The exit from the boundaries of the city circuit was thanks to the seventh work “Bee Thousand”, confirmed, alongside the move to Matador, by the insinuating audacity of this “Alien Lanes” (1995).

Vignettes, melodic miniatures supported by a false sense of experimentation, raw and dirty guitar, wave bass, paradoxically Beatlesque vocal harmonies where the setting is totally anti-Beatles, psychedelic hints, hermetic lyrics, a quiet snoring, a song on the edge of bathtub water, imitations of Michael Stipe, echoes of emaciated Hollies, pseudo-heavy riffs (Tobin Sprout's contribution is important), the power of a “Helter Skelter” interrupted by acoustic chimes; an overwhelming carelessness extended in an increasingly rock direction. Twenty-eight songs averaging a minute and a half in a flow of strange but firm coherence.

Pollard hides or barely shows himself like Alice's cat.

And ”clio clio pavoncella fa su e disfa”: "As We Go Up, We Go Down", "Game of Pricks", "Pimple Zoo", "Ex-Supermodel", "Strawdogs", “Chicken Blows", “My Valuable Hunting Knife” are all ”rays, prominences, births”.

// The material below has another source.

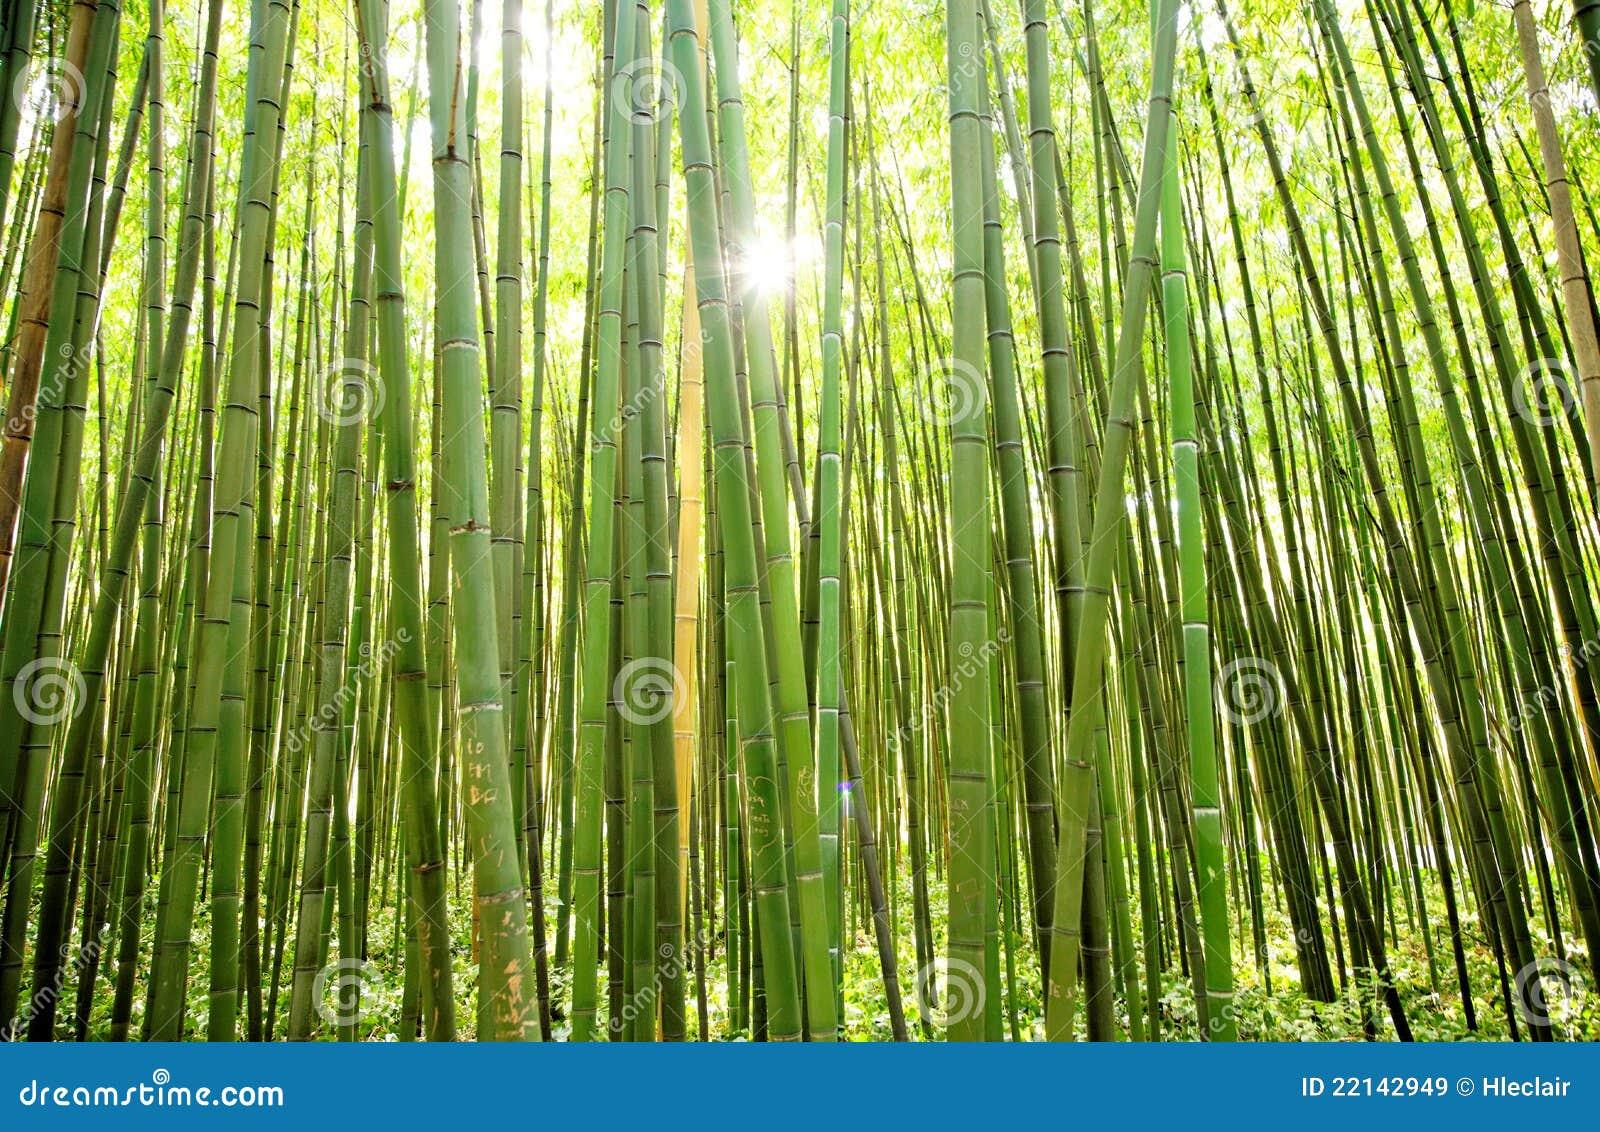 sun shining through a curtain of bamboos
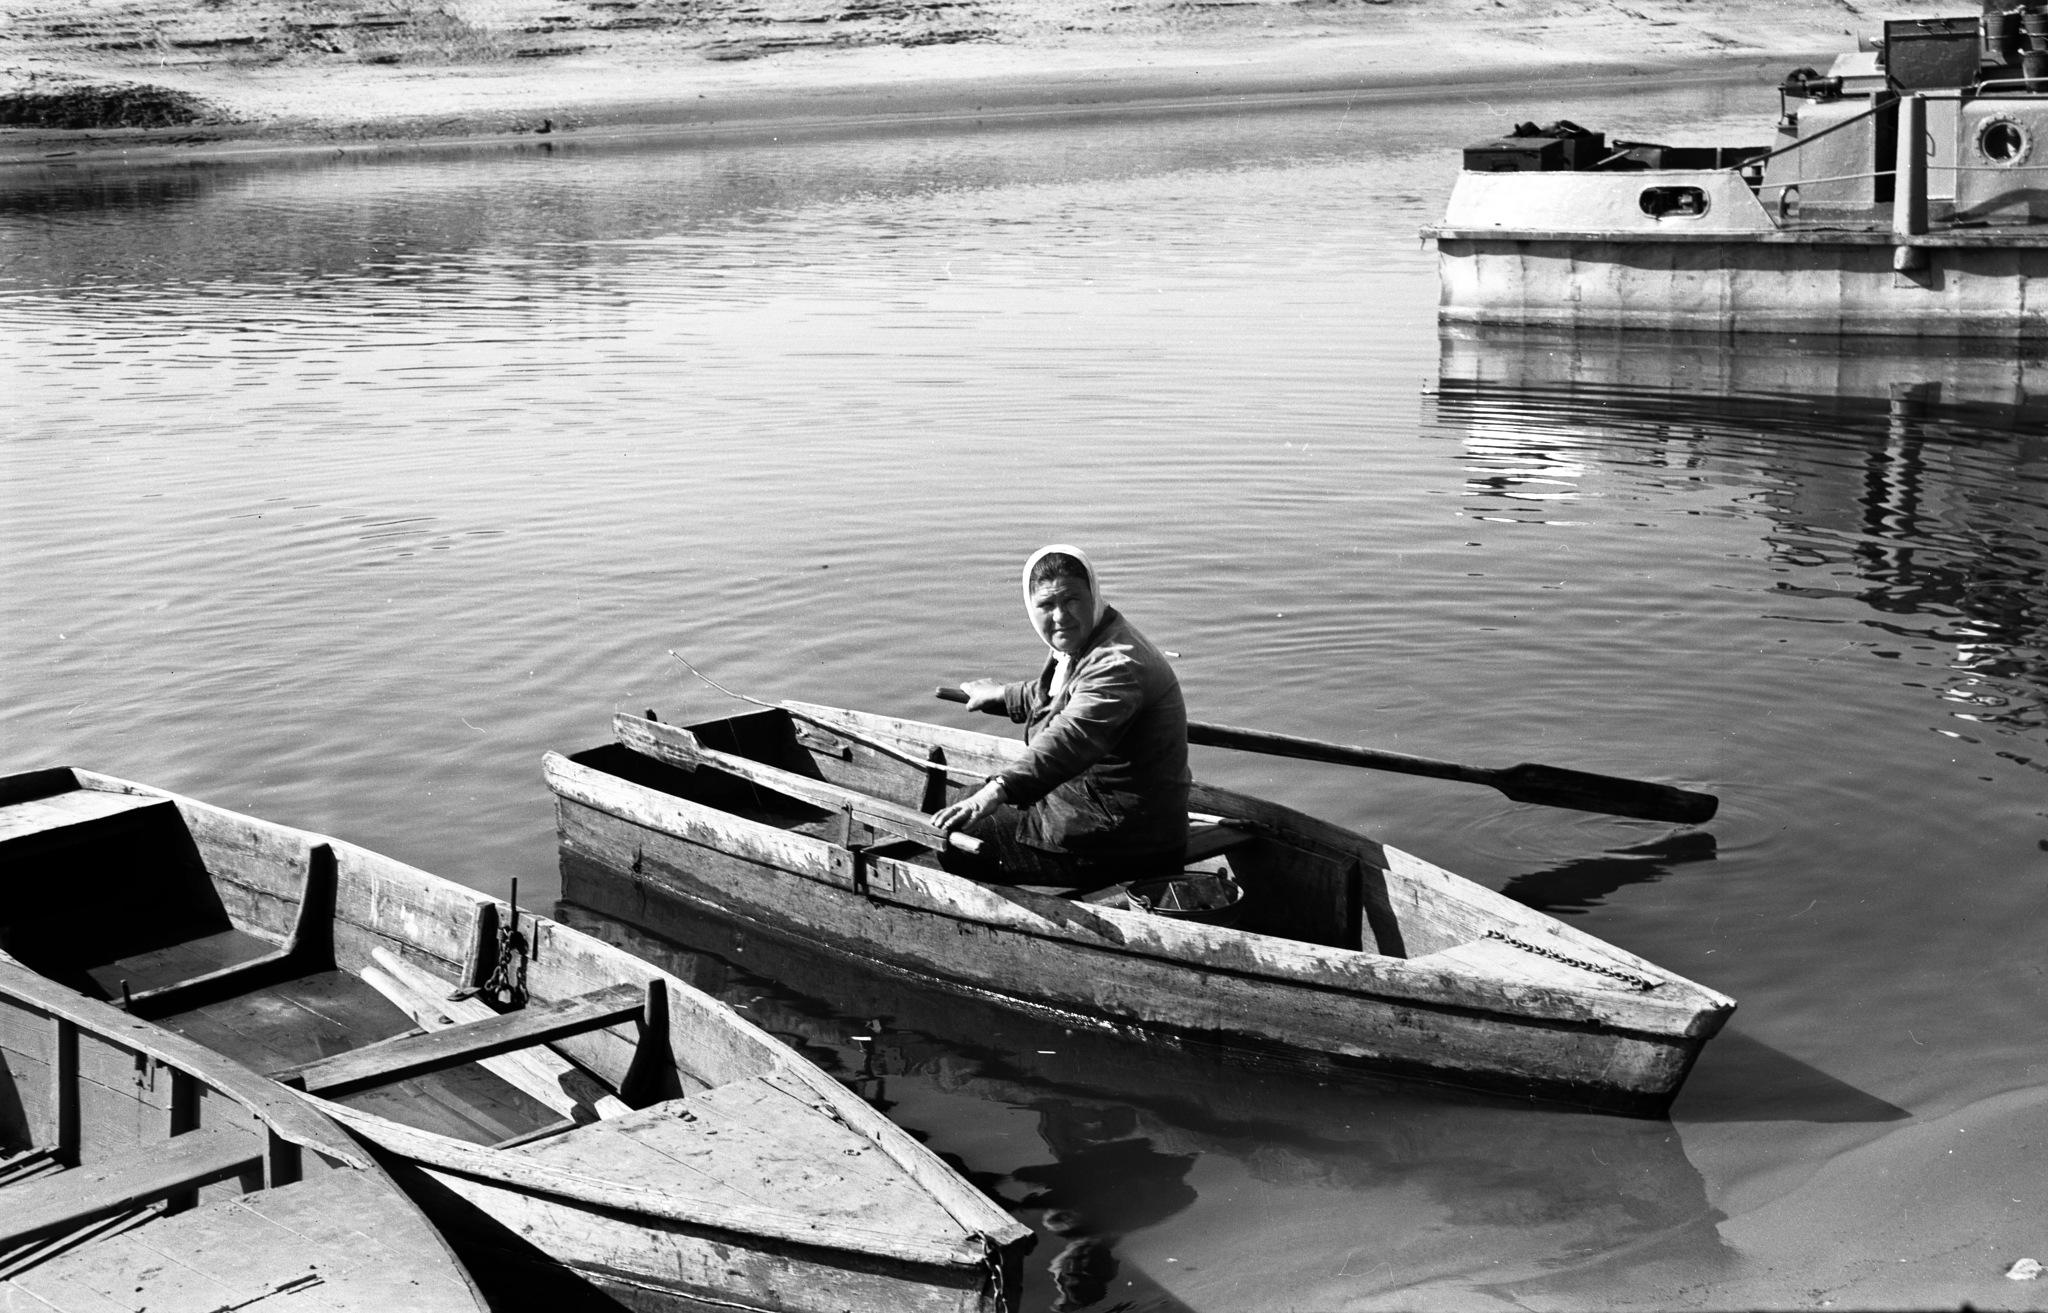 Fishing by Сергей Юрьев

In short: lovable idiocy or brilliant haphazardness? Or their synthesis and overcoming?



I am breathing, yet I feel no sky
Things without wings have begun to fly
Unhitched trailers---I see trailers trail
From the well i pull an empty pail
Little man bleeding, little heart beating so
Evil speaker blow my circuits---oh no
Brothers, sisters---all transistors, you know
Father logic sometimes gets cosmic, you know


(Trad. Sto respirando, eppure non sento il cielo
Le cose senza ali hanno cominciato a volare
Rimorchi sganciati --- Vedo orme di rimorchi
Dal pozzo tiro su un secchio vuoto
Piccolo uomo sanguinante, piccolo cuore che batti così
Il cattivo altoparlante soffia sui miei circuiti --- oh no
Fratelli, sorelle - tutti transistor, lo sapete
La logica del padre a volte diventa cosmica, lo sai
)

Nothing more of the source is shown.